# David Petraeus’s first year at the CIA



## Brill (Jun 2, 2012)

A year already?  Huh...forgot that he was even in the driver's seat!  No impact...no idea.

http://www.washingtonpost.com/opini...r-at-the-cia/2012/06/01/gJQAjWmq7U_story.html


----------



## BravoOne (Jun 23, 2012)

I must admit I have been pleasantly surprised. Initially I was like WTF? As much as you have to love GEN Petraues he is not an Intel type. Fortunately his SOF resume and leadership abilities gave him the bonafides to make it happen. I thought it might have went to a guy like Vickers though...


----------



## Marauder06 (Jun 23, 2012)

BravoOne said:


> I must admit I have been pleasantly surprised. Initially I was like WTF? As much as you have to love GEN Petraues he is not an Intel type. Fortunately his SOF resume and leadership abilities gave him the bonafides to make it happen. I thought it might have went to a guy like Vickers though...


 
Petraeus has SOF credentials?  I wasn't aware of that.


----------



## goon175 (Jun 24, 2012)

I didn't know that either...


----------



## Salt USMC (Jun 24, 2012)

BravoOne said:


> I must admit I have been pleasantly surprised. Initially I was like WTF? As much as you have to love GEN Petraues he is not an Intel type. Fortunately his SOF resume and leadership abilities gave him the bonafides to make it happen. I thought it might have went to a guy like Vickers though...

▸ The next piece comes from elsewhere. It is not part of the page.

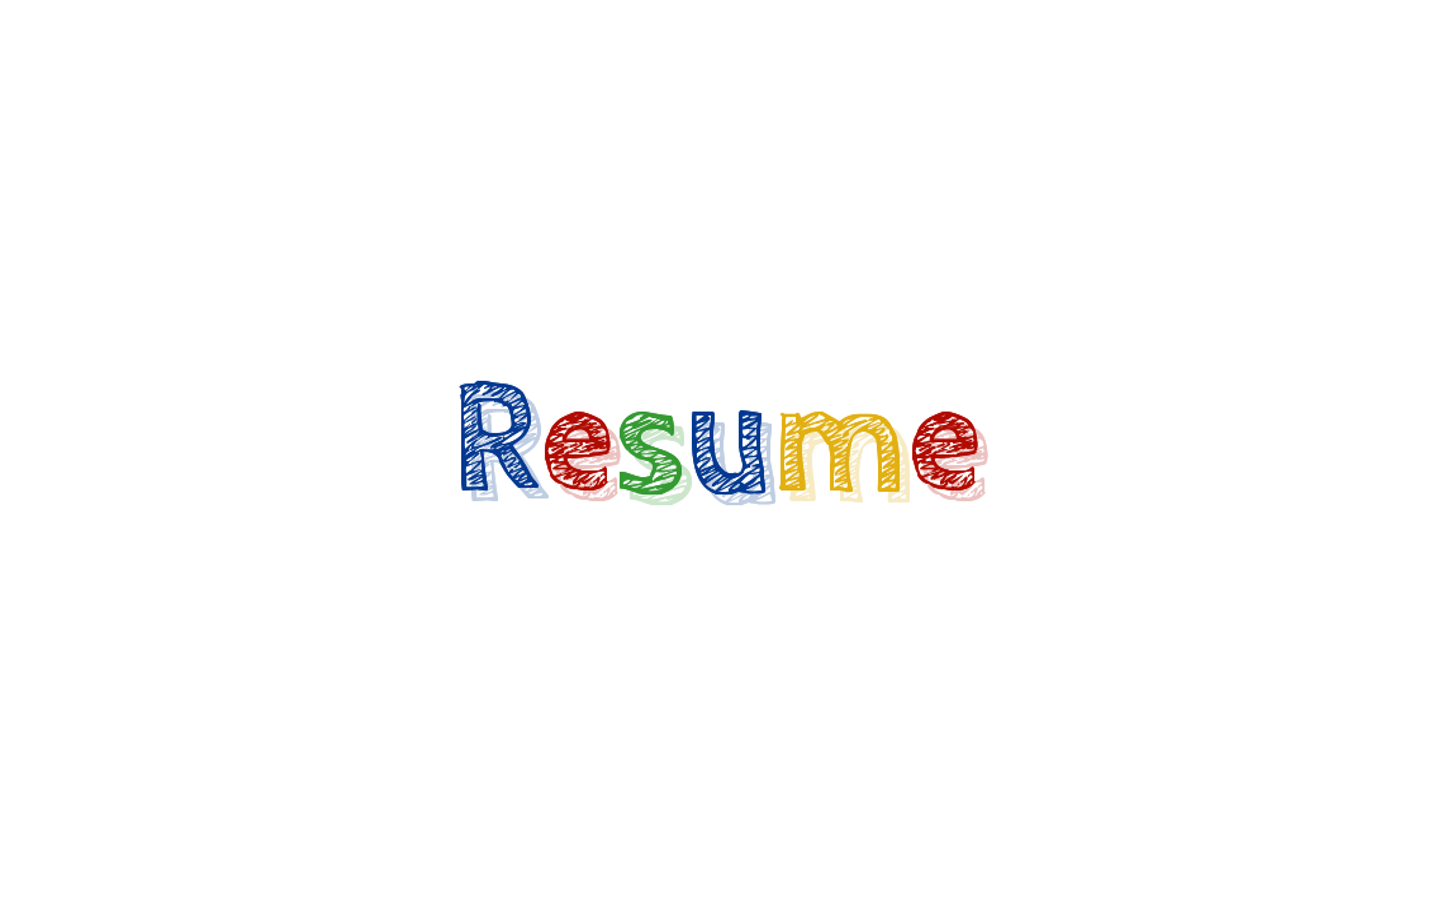 How to write resume?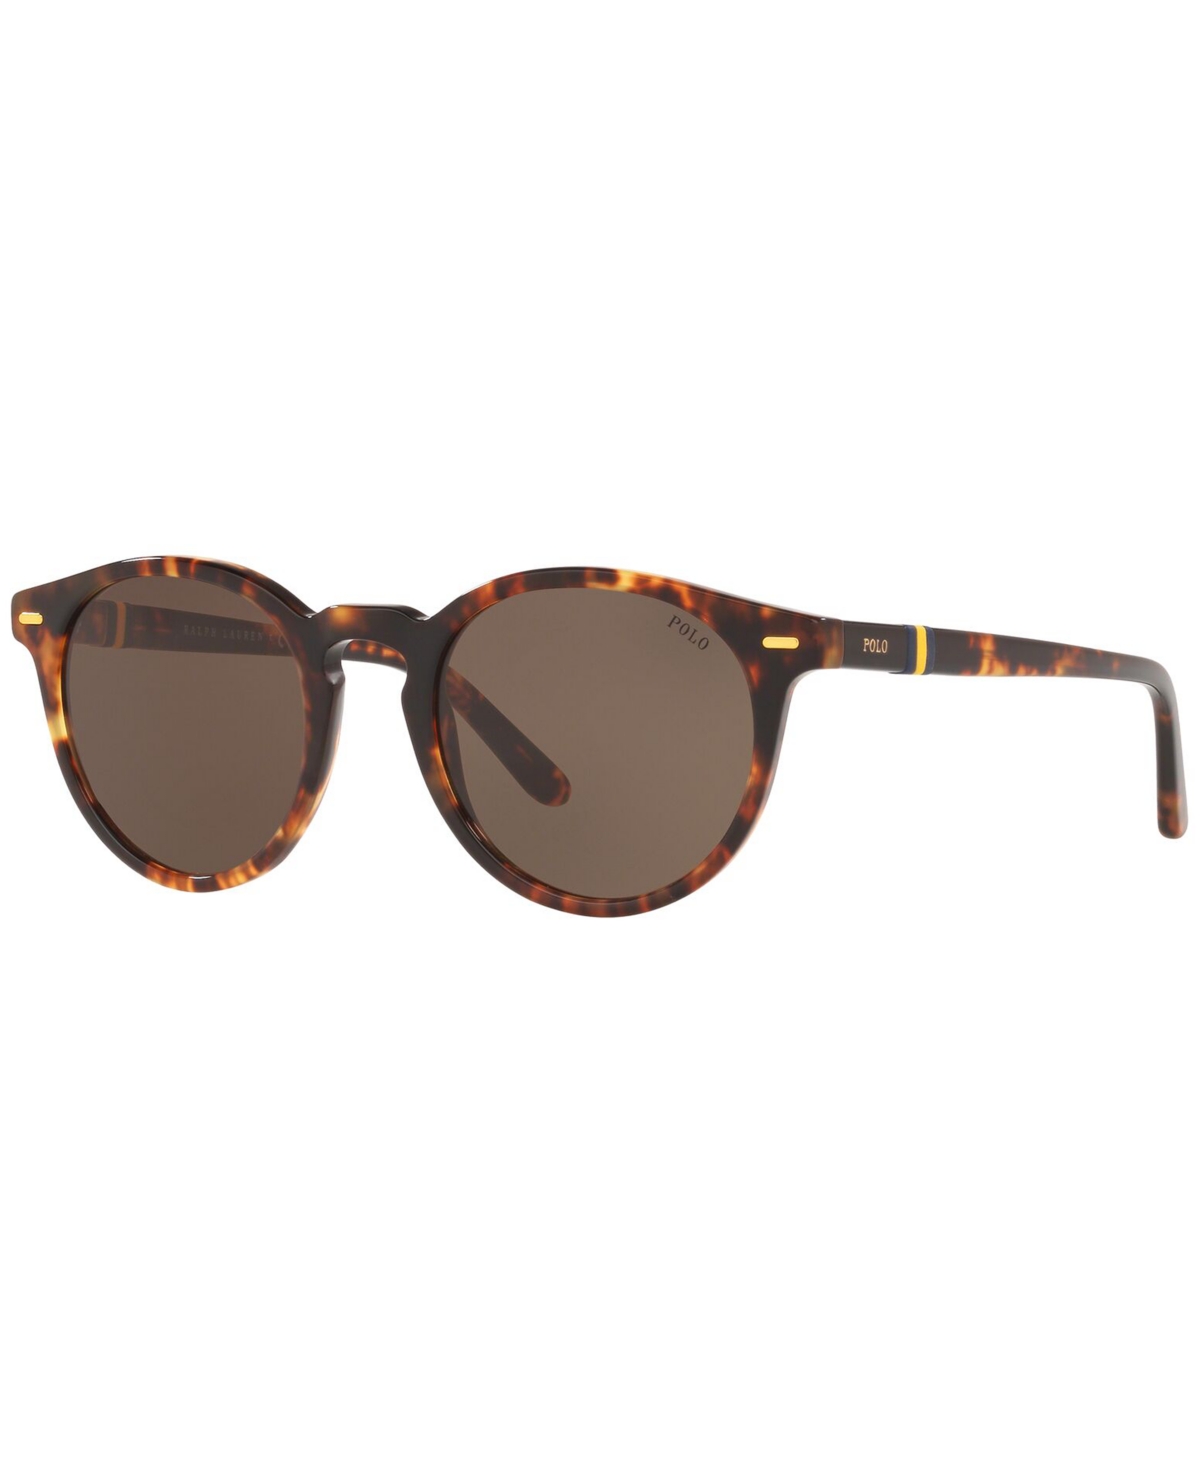 Polo Ralph Lauren Sunglasses, Ph4151 50 In New Jerry Tortoise,brown

I too thought that this was the case, but a quick look at his bio doesn't really show any SOF experience. Though he was the honor grad at Ranger school, for what its worth.


----------



## Marauder06 (Jun 24, 2012)

Maybe he's confusing Petraeus with McChrystal?


----------



## BravoOne (Jun 25, 2012)

Yeah lol. Two different Generals. My bad


----------



## BravoOne (Jun 25, 2012)

(The Presidente was flowing freely)


----------



## Etype (Jun 25, 2012)

McChrystal and McNeill were the only two ISAF commanders to have any US SOF experience.  McNeill was in SF before they gave out tabs.  

You can't worry about that kind of thing with general officers though.  If you used dress uniforms (minus rank) as resumes, the average SOF E-7 would have be much more impressive than some of the most formidable general officers- in impact awards, valor awards, purple hearts, deployments, specialty badges, etc.


----------



## Powder (Jun 25, 2012)

Good read.


----------